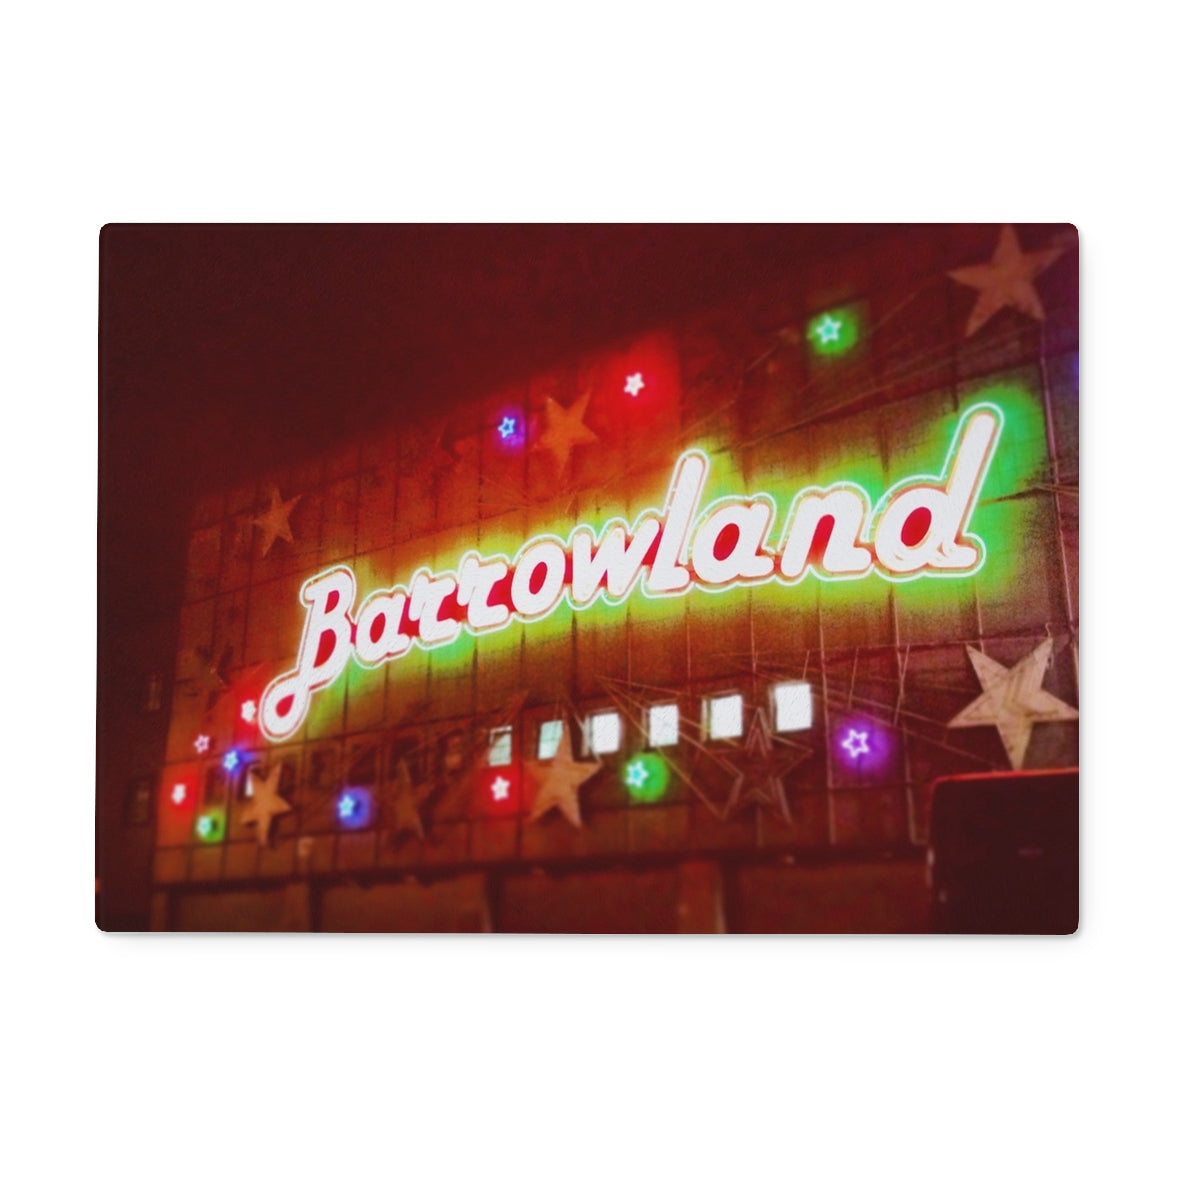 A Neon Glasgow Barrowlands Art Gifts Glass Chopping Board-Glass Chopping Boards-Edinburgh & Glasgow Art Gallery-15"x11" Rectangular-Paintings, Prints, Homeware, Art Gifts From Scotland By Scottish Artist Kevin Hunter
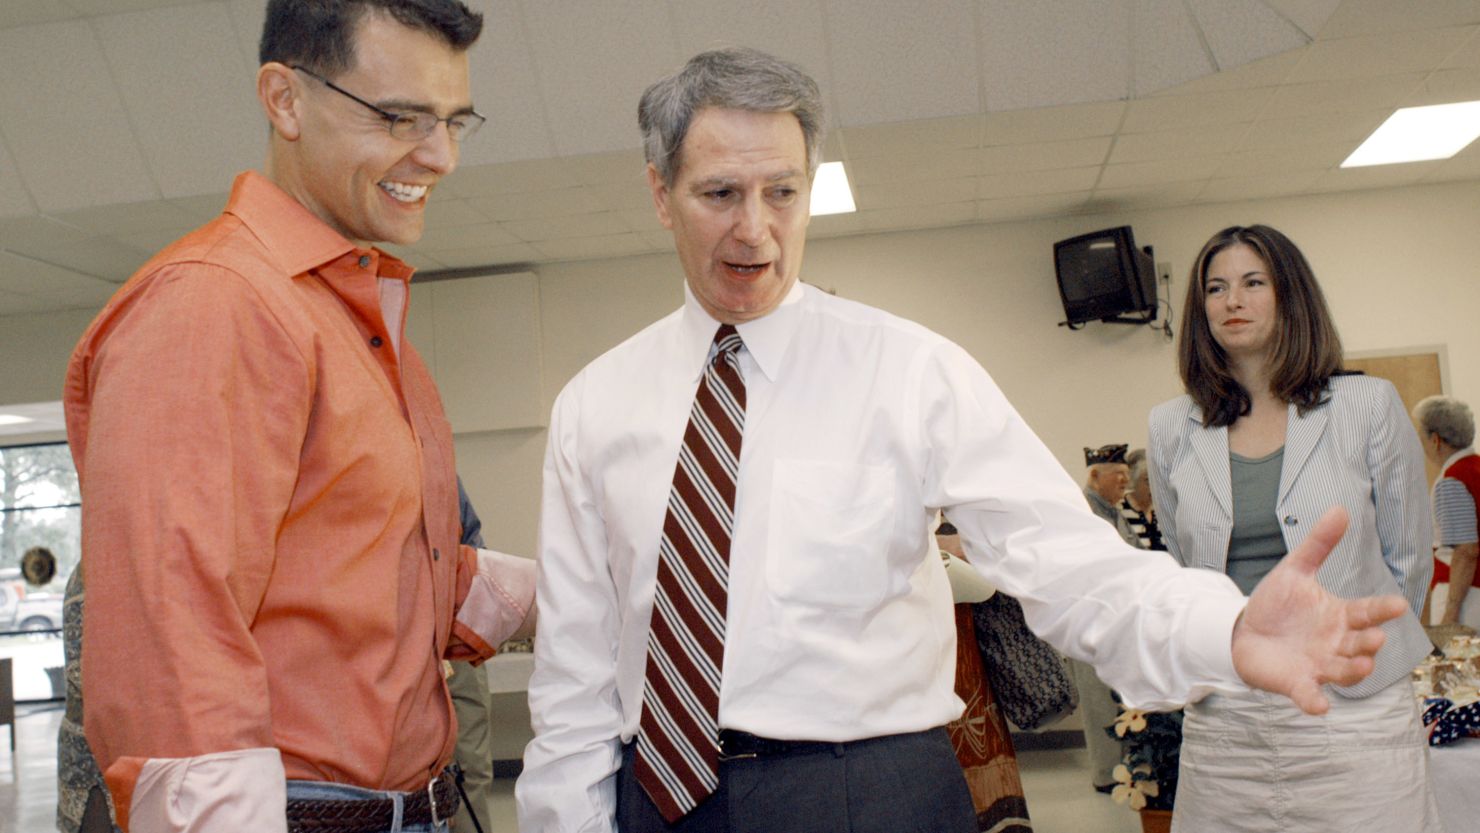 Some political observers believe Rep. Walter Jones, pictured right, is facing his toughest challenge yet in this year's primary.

==

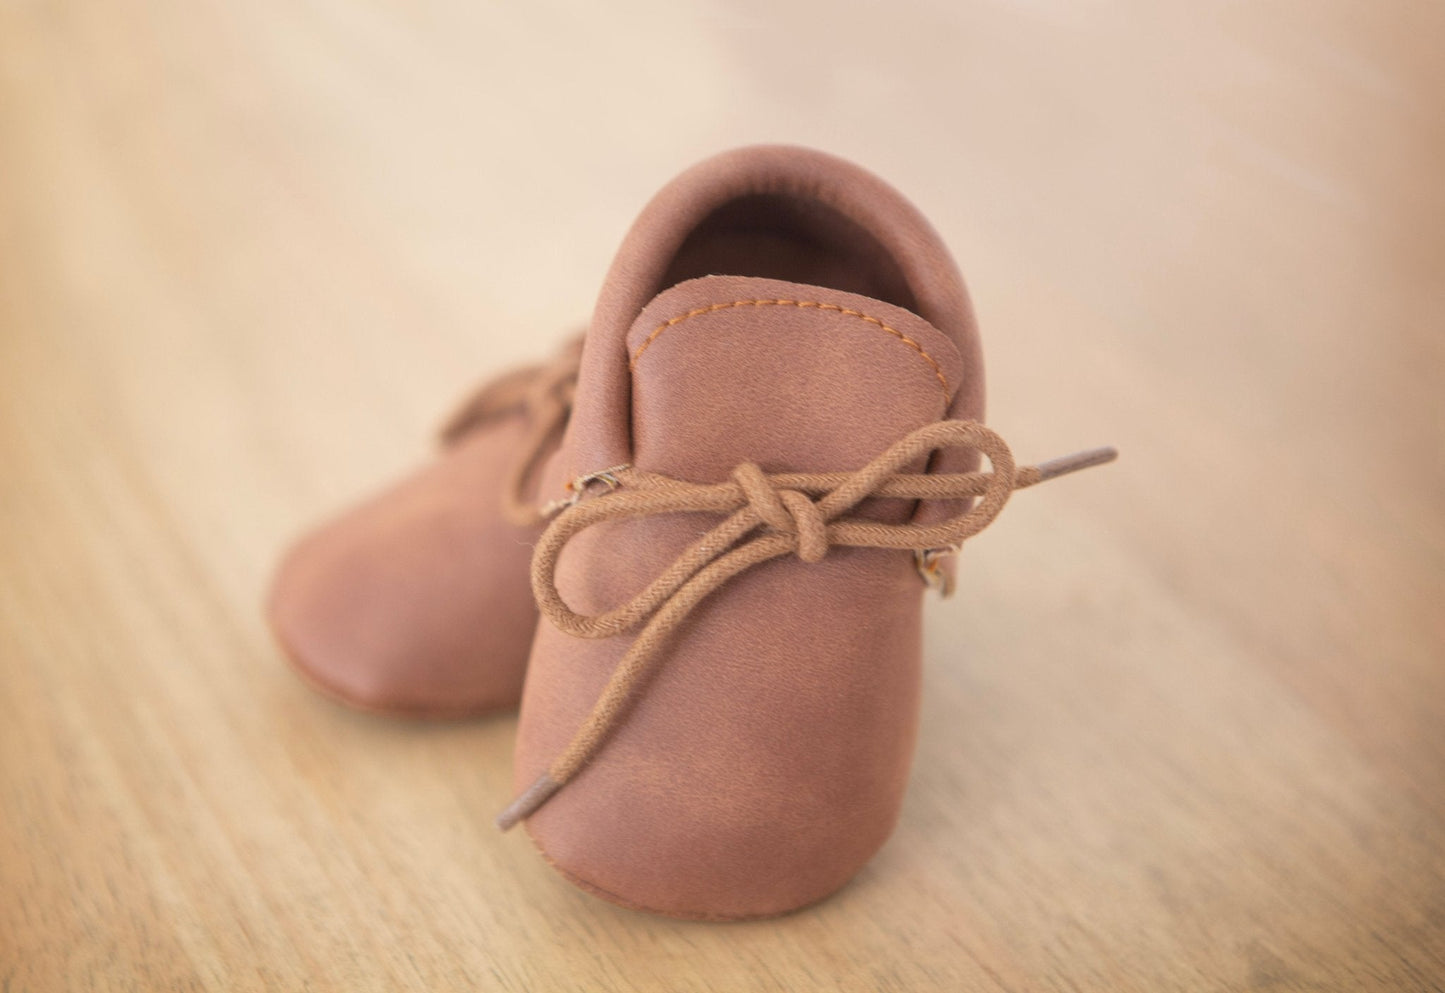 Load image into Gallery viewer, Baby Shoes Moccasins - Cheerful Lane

Try it: From the records above, copy only the lines running from the line containing "A Neon Glasgow" to the line containing "Some political observers", both ends included. Leave the pictures out.

Solution for this task:
 A Neon Glasgow Barrowlands Art Gifts Glass Chopping Board-Glass Chopping Boards-Edinburgh & Glasgow Art Gallery-15"x11" Rectangular-Paintings, Prints, Homeware, Art Gifts From Scotland By Scottish Artist Kevin Hunter
 Some political observers believe Rep. Walter Jones, pictured right, is facing his toughest challenge yet in this year's primary.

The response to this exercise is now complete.